The Princeton Community Japanese Language School (PCJLS; プリンストン日本語学校 Purinsuton Nihongo Gakkō) is a Japanese weekend school in the Princeton, New Jersey area. It holds weekend Japanese classes for Japanese citizen children abroad to the standard of the Ministry of Education, Culture, Sports, Science and Technology (MEXT), and it also has classes for people with Japanese as a second language.

Courses are held at Bierenbaum Fisher Hall (formerly Memorial Hall) at Rider University in Lawrence Township, Mercer County. The school offices are in Princeton, except on Sundays, when the offices are at Rider University.

This is one of the Japanese weekend school systems in the New York metropolitan area.

History
Five Japanese researchers at Princeton University founded the PCJLS in 1980. It was originally at that institution but moved to Rider in 1996.

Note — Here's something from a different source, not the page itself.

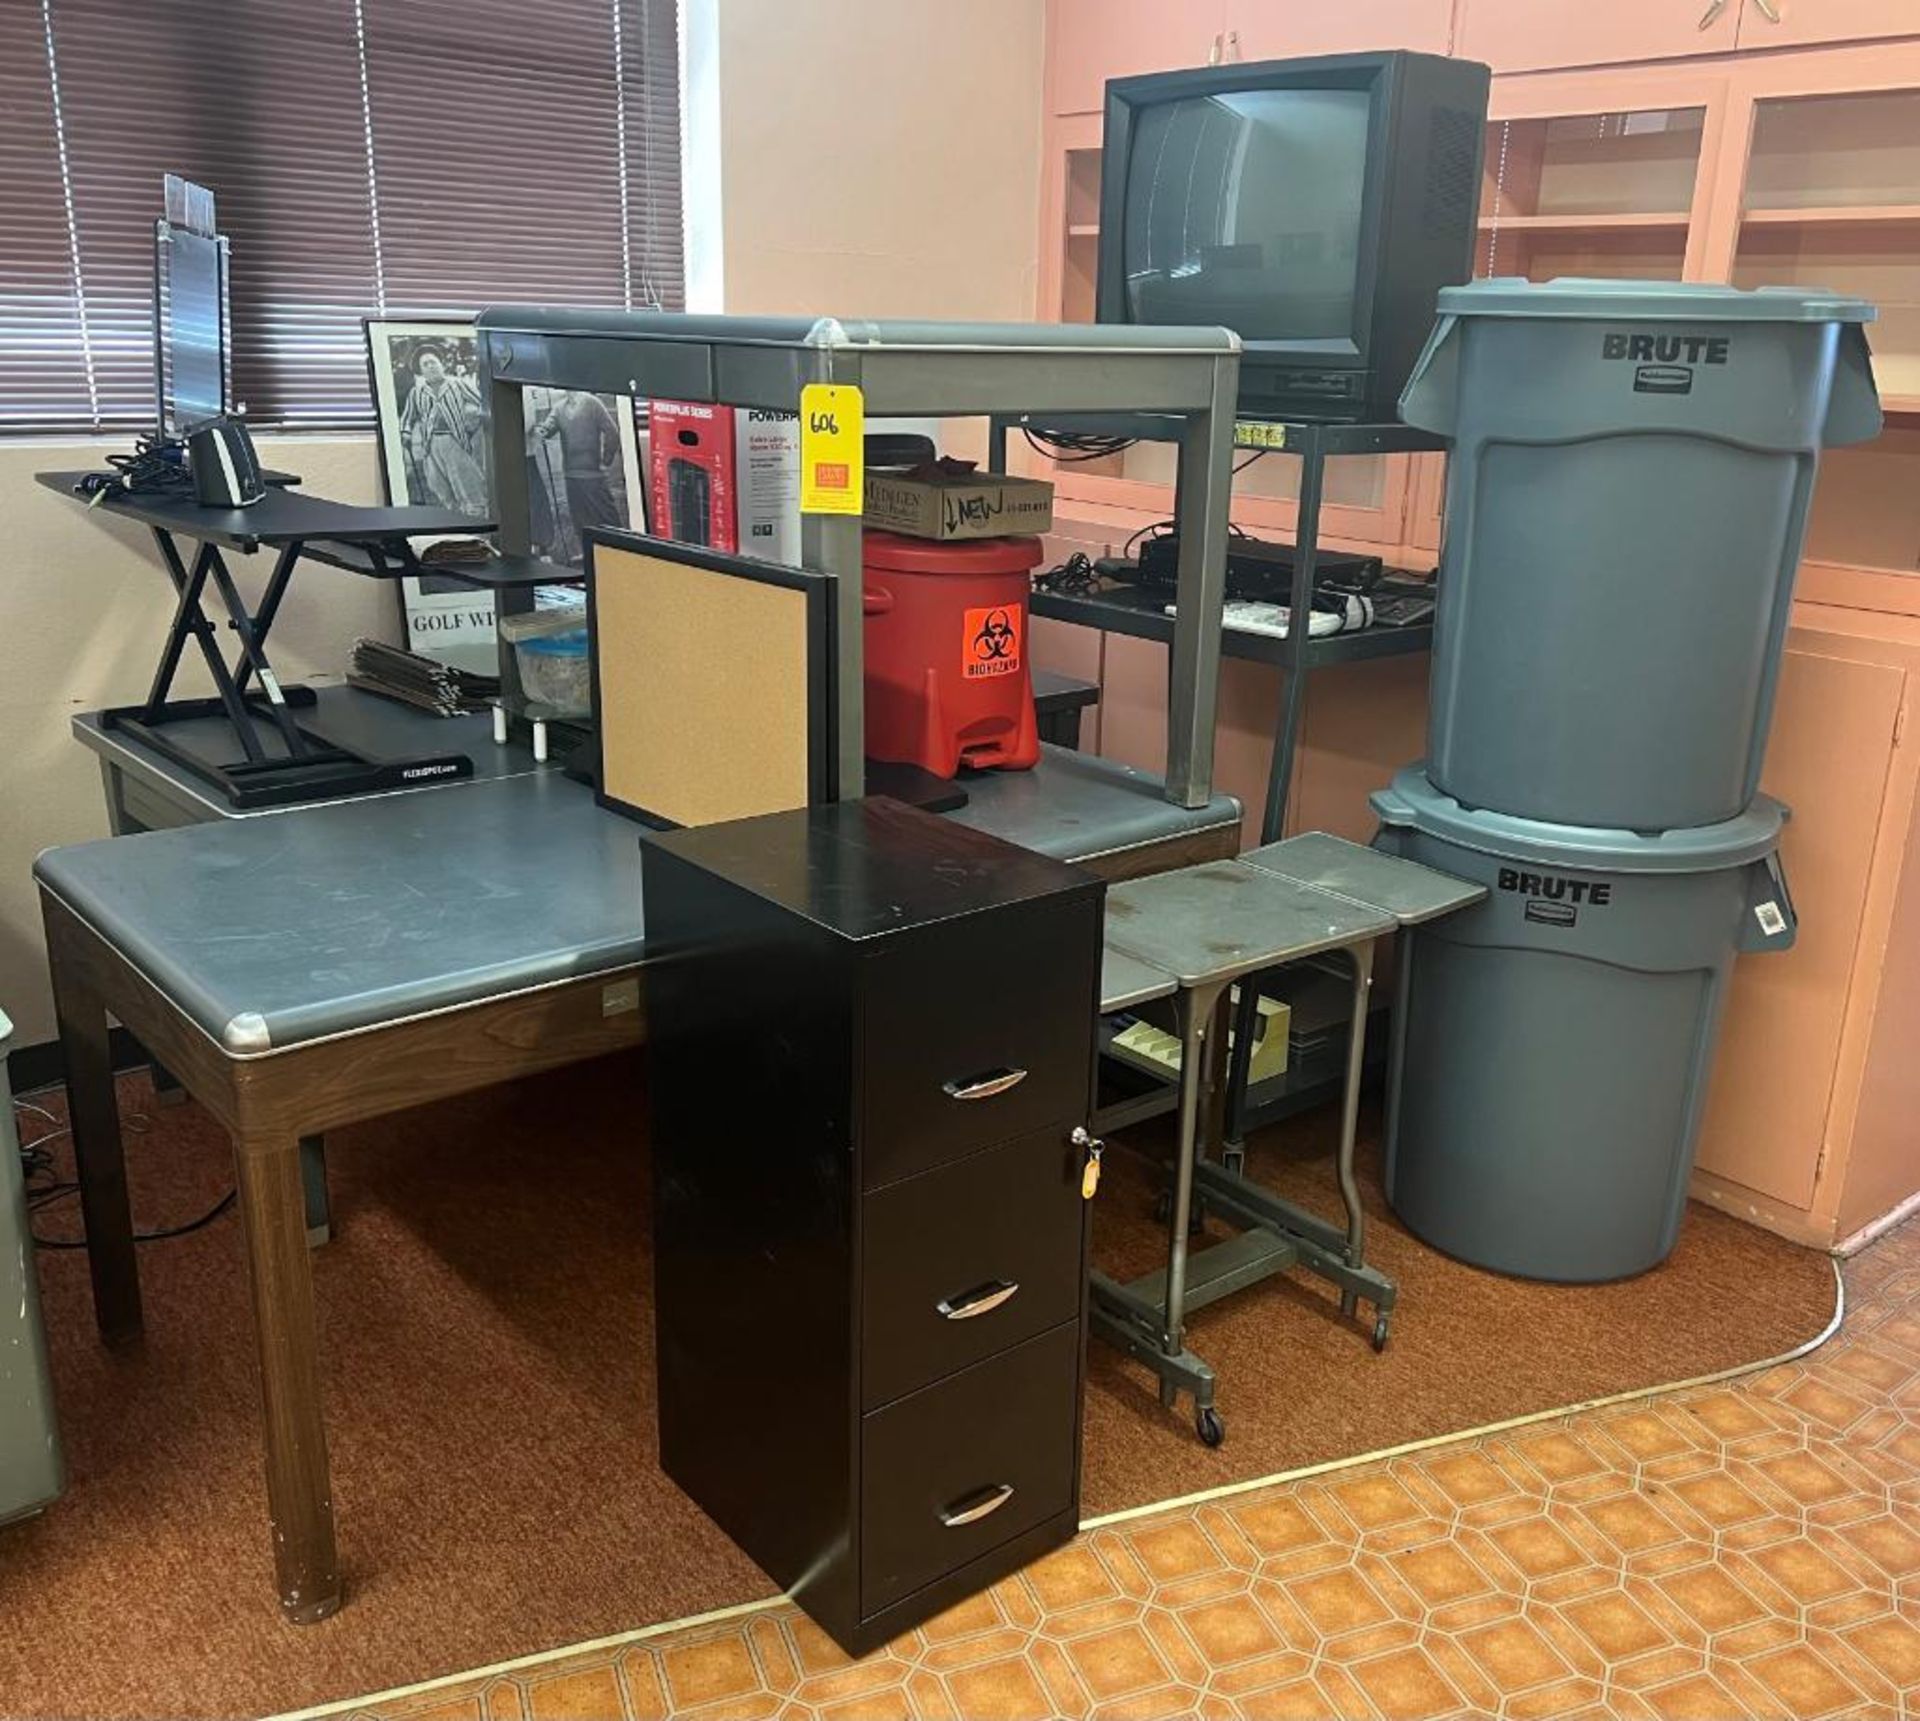 (4) Tables, Computer Monitor, Air Purifier, (2) Trash Containers, TV with VCR and Stand, Filing Cabi

In 1987 its weekend courses for children covered Kindergarten through the 7th grade.

Curriculum
The school's Japanese Ministry of Education (MEXT)-compliant classes are part of its Division 1. The principal of Division 1 is funded by MEXT. In addition, the school offers Japanese heritage language courses, Japanese as a foreign language courses, and courses for adults as part of Division 2, which is oriented to children attending university in the United States and other persons from English-dominant households. The school's teachers developed their own kanji textbooks for use in these courses. Placement into a particular division involves consultations in which the student, the parents, and/or PCJLS teachers are involved.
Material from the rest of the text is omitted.